Sekou was Scholar in Residence at Stanford University’s Martin Luther King Education and
Research Institute in 2014 before going to Ferguson in mid-August on behalf of the Fellowship
of Reconciliation (the country’s oldest interfaith peace organization) to assist with organizing
efforts alongside local and national groups.
He is the author of two collections of essays: ‘urbansouls’, a meditation on working with at-risk
youth in Saint Louis, hip hop and religion and ’Gods, Gays, and Guns: Essays on Religion and
the Future of Democracy’, as well as the forthcoming ‘Riot Music: British Hip Hop, Race, and
the Politics of Meaning’.
Rev. Sekou has served as Special Assistant on social justice to the Bishop for the Church of God
in Christ, New York, as Senior Community Minister at New York’s Judson Memorial Church,
and as Social Justice Minister at Middle Collegiate Church.
He was a fellow-in-residence at the Brooklyn Society for Ethical Culture, and as Ella Baker
Fellow at New York Theological Seminary's Micah Institute he served as a strategist organizing
clergy for economic justice in New York City. The Reverend served on the 2004 National
Political Hip Hop Convention Platform Committee, and was Senior Adviser on Urban Public
Policy for the 2004 Kucinich Presidential campaign.
Following Hurricane Katrina, Rev. Sekou moved to New Orleans, founding the local Interfaith
Worker Justice Center. In 2006, the Institute for Policy Studies appointed Sekou its first
Associate Fellow in Religion and Justice.

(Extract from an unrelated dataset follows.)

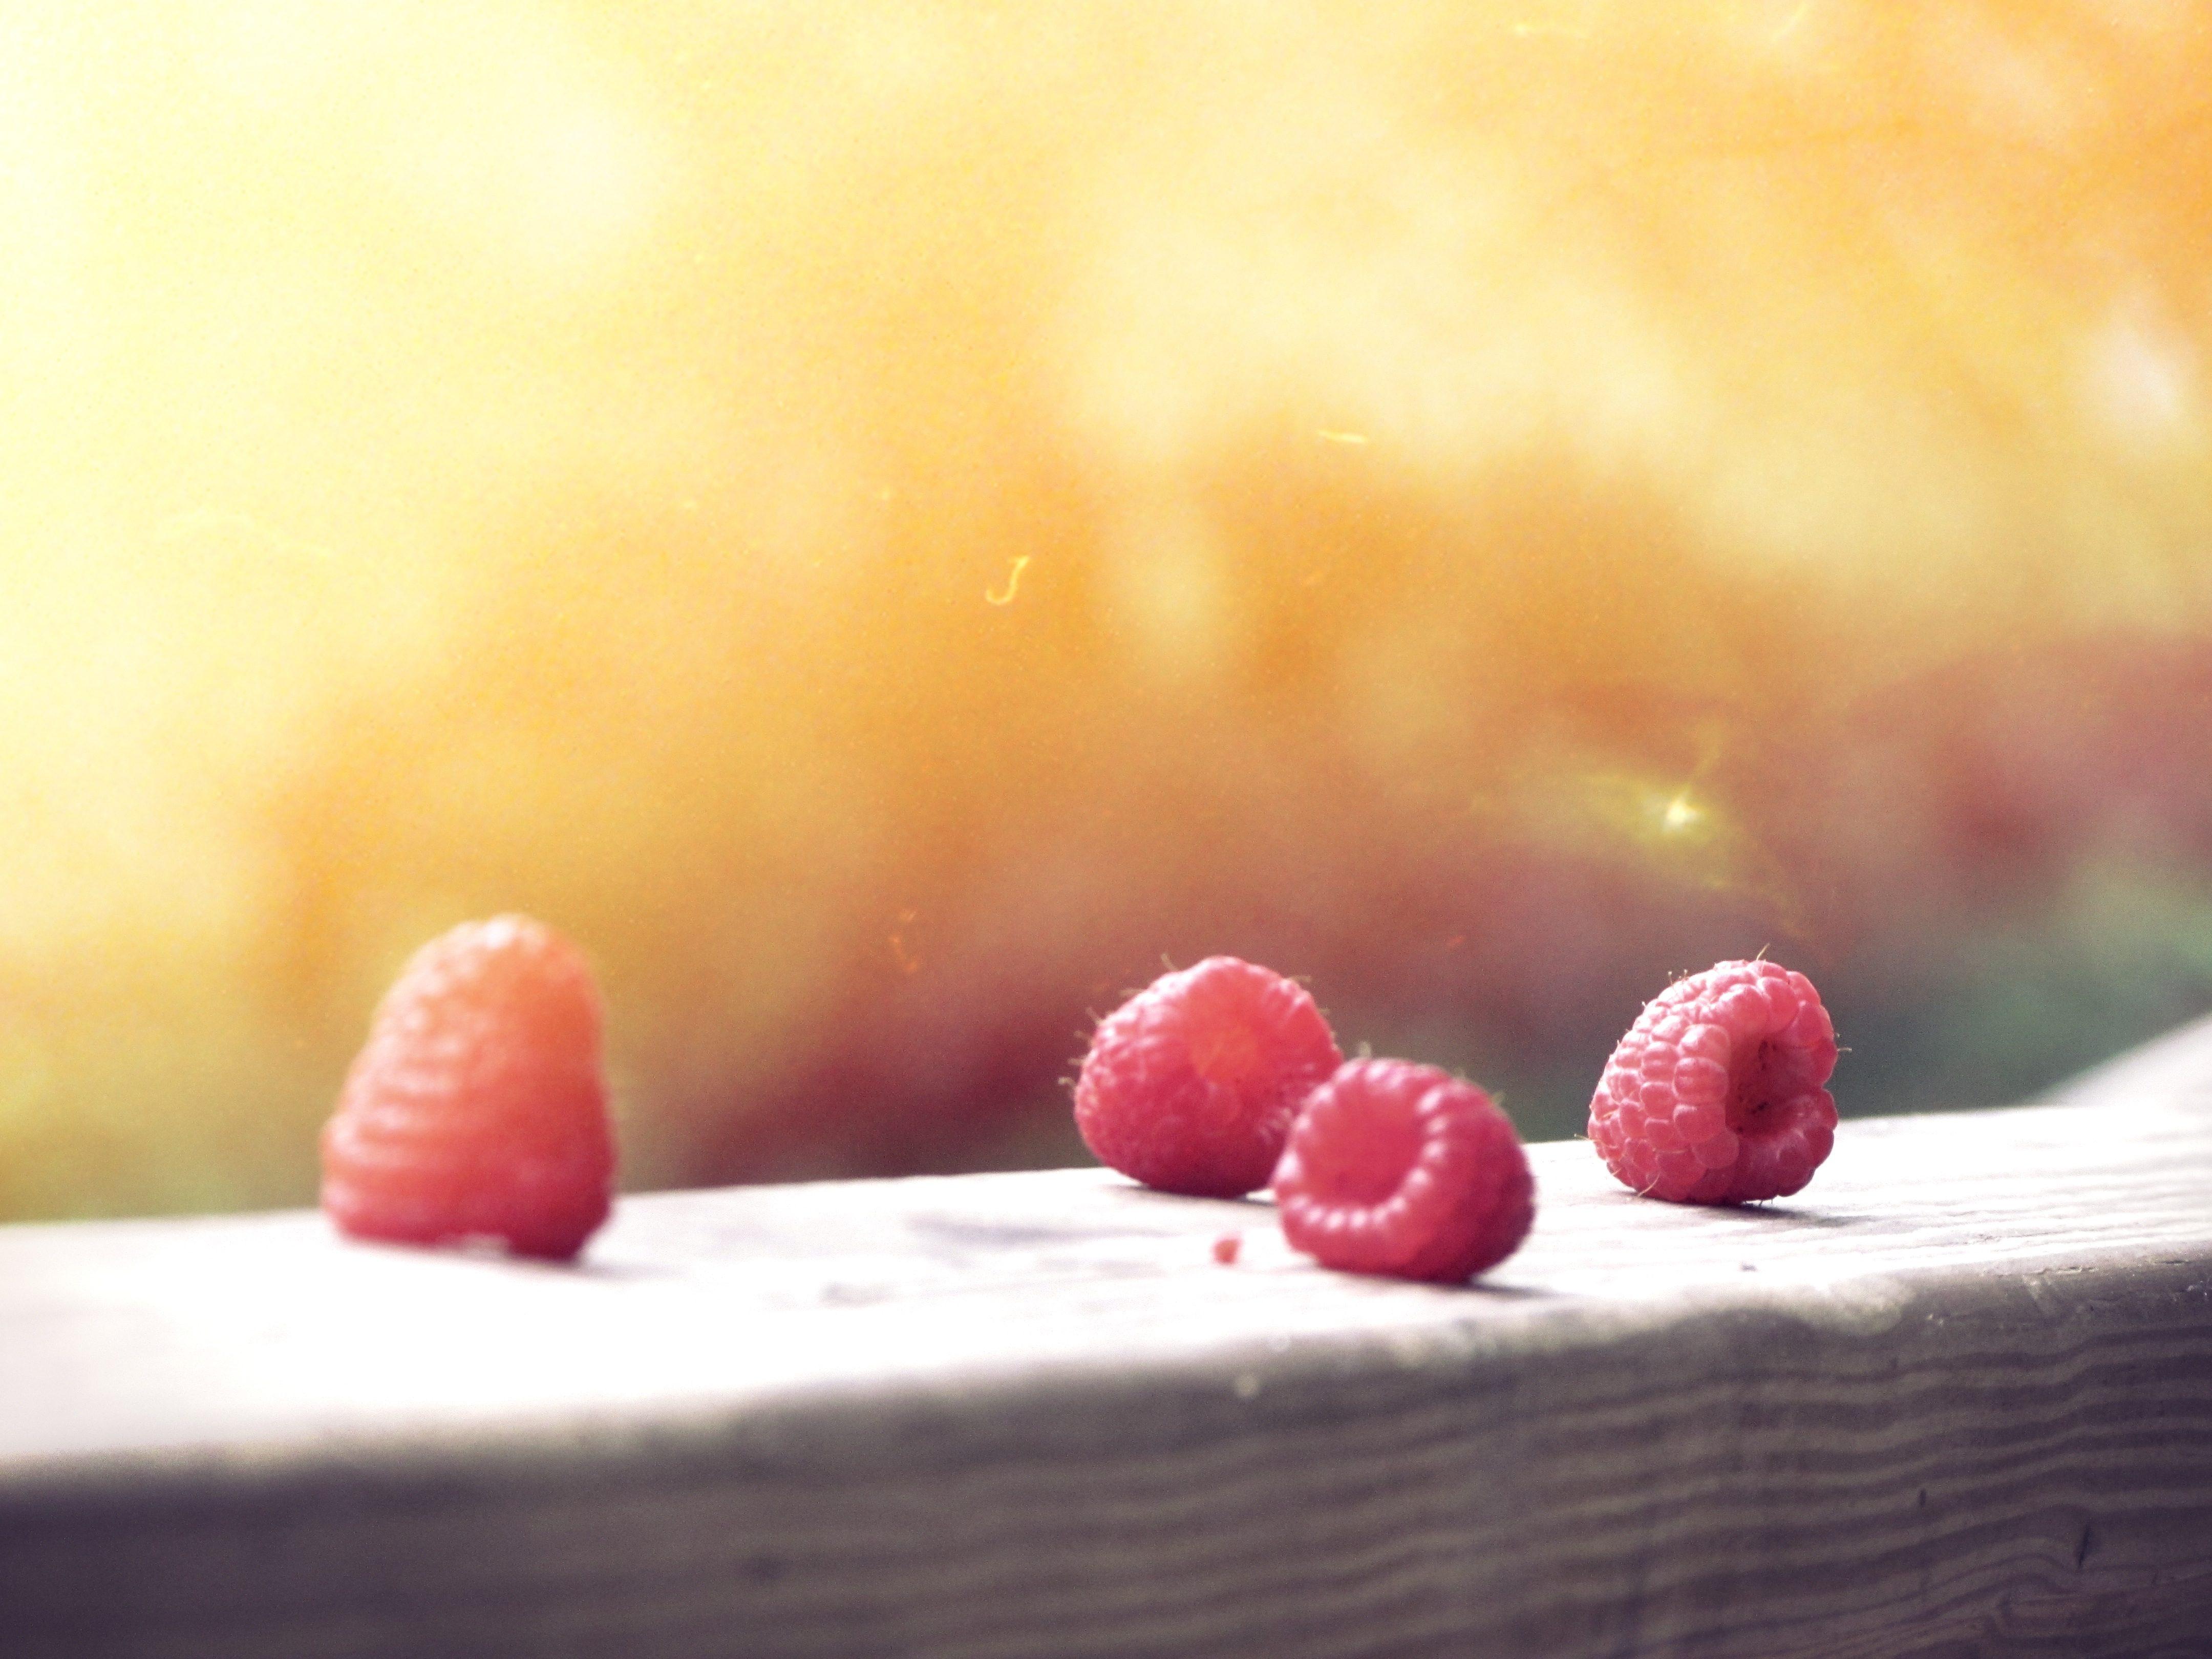 arándanos, madera, fruta, sol, luminosidad - Fondos de Pantalla HD - professor-falken.com
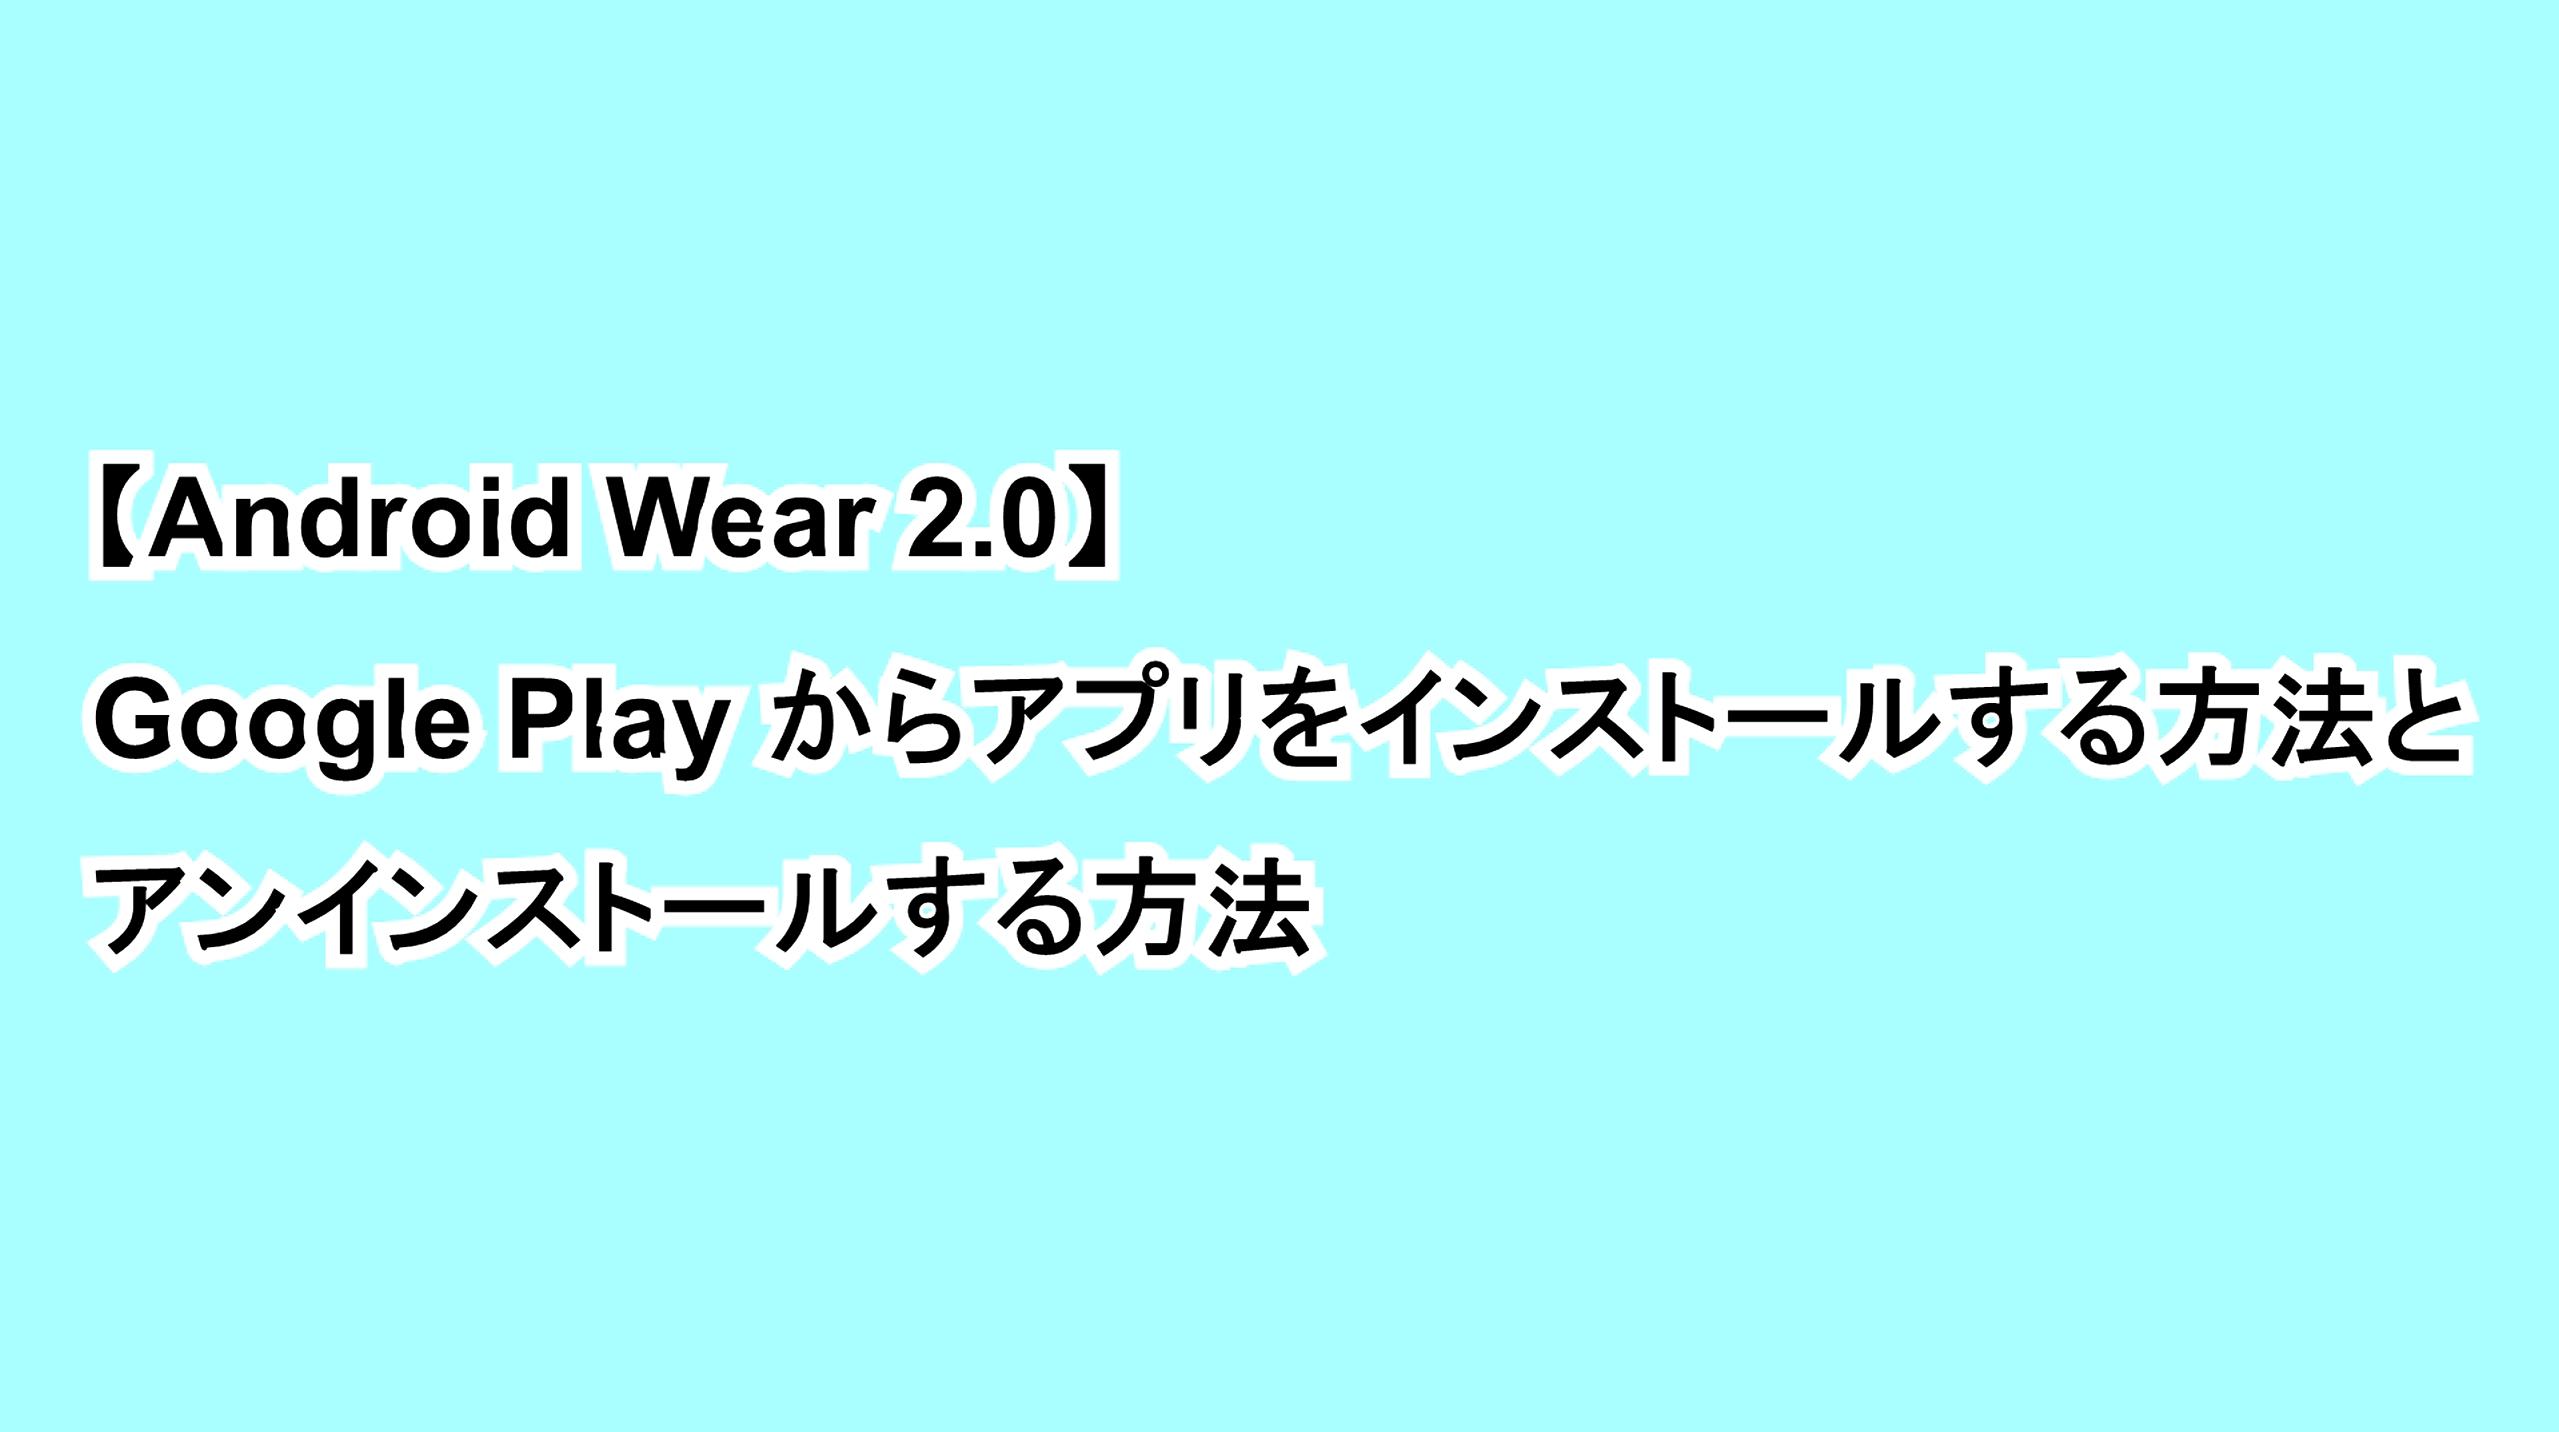 【Android Wear 2.0】Google Playからアプリをインストールする方法とアンインストールする方法

He is a founding national coordinator for Clergy and Laity Concerned about Iraq (CALC-I),
which represented over 300 faith-based institutions and organizations. In 2006, CALC-I led a
civil disobedience at the White House at which 370 people were arrested including sixty
religious leaders.
In 2011, he received the Keeper of the Flame Award from the National Voting Rights Institute
and Museum in Selma, AL.
Rev. Sekou has lectured widely, including at Harvard Divinity School, Princeton University,
University of Virginia, University of Paris IV - La Sorbonne and Vanderbilt University, and is a
Professor of Preaching at the Seminary Consortium of Urban Pastoral Education in the Graduate
Theological Urban Studies Program, Chicago, IL.